According to the severity of the disease, it should be divided into:

  • Complicated when other pathologies join.
  • Uncomplicated, without concomitant diseases.

A separate group includes pyelonephritis, which occurs with renal failure. Most often, complicated forms.

Treatment methods

Diagnosis and therapy are complicated by the fact that the disease does not show symptoms in the remission stage. Each patient with chronic pyelonephritis requires an individual approach and comprehensive treatment. First of all, to relieve symptoms during the exacerbation stage, drugs are prescribed to relieve symptoms and destroy pathological microorganisms.

When establishing a chronic form of pyelonephritis, the following groups are assigned:

  • Cephalosporins. Kefzol, Cefepim or Tseporin;
  • Semi-synthetic penicillins. "Amoxiclav", "Ampicillin" or "Oxacillin" are broad-spectrum antibiotics that help to destroy the microorganisms that caused the development of the disease;
  • "Negro", the drug belongs to the group of nilidixic acids;
  • in severe cases, "Tobramycin", "Gentamicin" or "Kanamycin" are prescribed.

As antioxidants used ascorbic acid, "Selenium", "Tocopherol". in the chronic form of pyelonephritis, they are prescribed for up to eight weeks. In the case of a severe course of the exacerbation stage, antibacterial drugs are administered intravenously, which helps to achieve greater efficiency and quick results. One of the most modern remedies for pyelonephritis is "5-NOK". It helps to quickly stop symptoms and relieve inflammation.

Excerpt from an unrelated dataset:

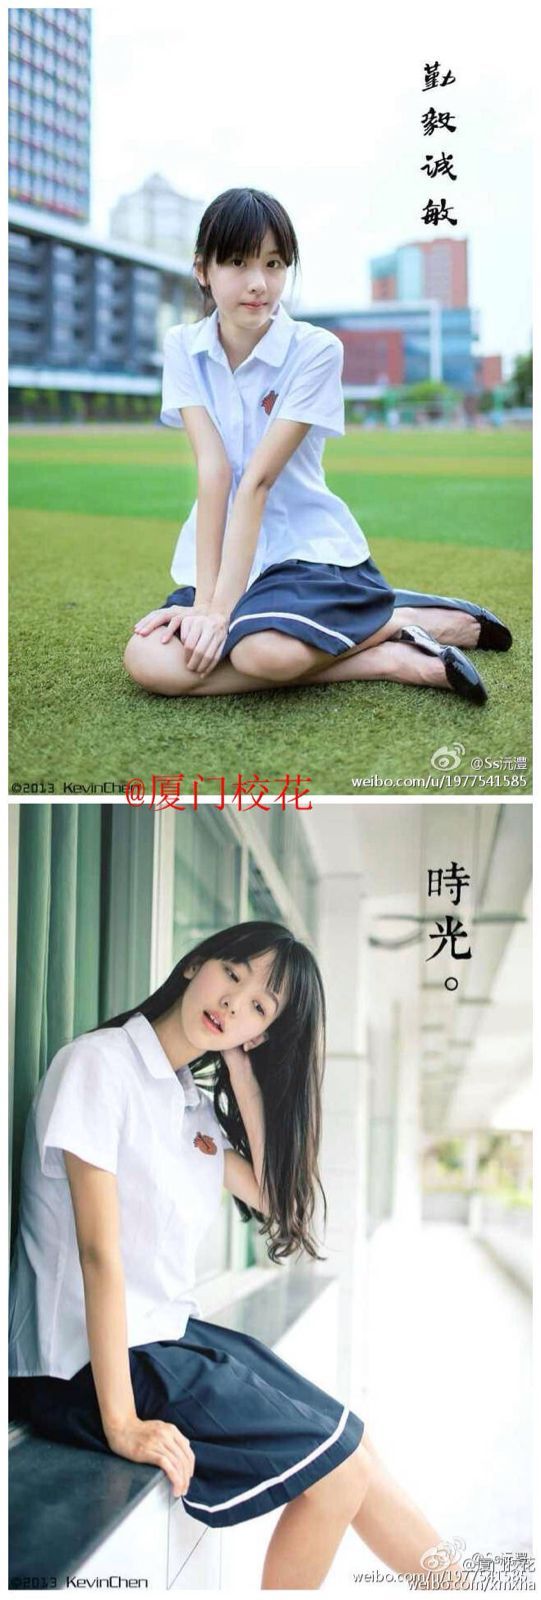 Duling Chen Sexy and Hottest Photos , Latest Pics

The patient should limit the consumption of fatty foods, salty and spicy foods, and also observe the drinking regime prescribed by the doctor.

Traditional methods

Treatment of pathology can occur after the relief of the exacerbation stage and only after consultation with the attending physician. The following recipes are the most effective:

  1. White acacia tea... Brew like regular tea. Consume half a glass for 10 days.
  2. Bean decoction... A glass of beans, chop, pour a liter of boiling water, put on fire and bring to a boil. Take daily for 7 days in a row.
  3. Heather infusion... Pour two tablespoons of dried herbs with two glasses of boiling water and leave for an hour. Then strain and drink in large sips.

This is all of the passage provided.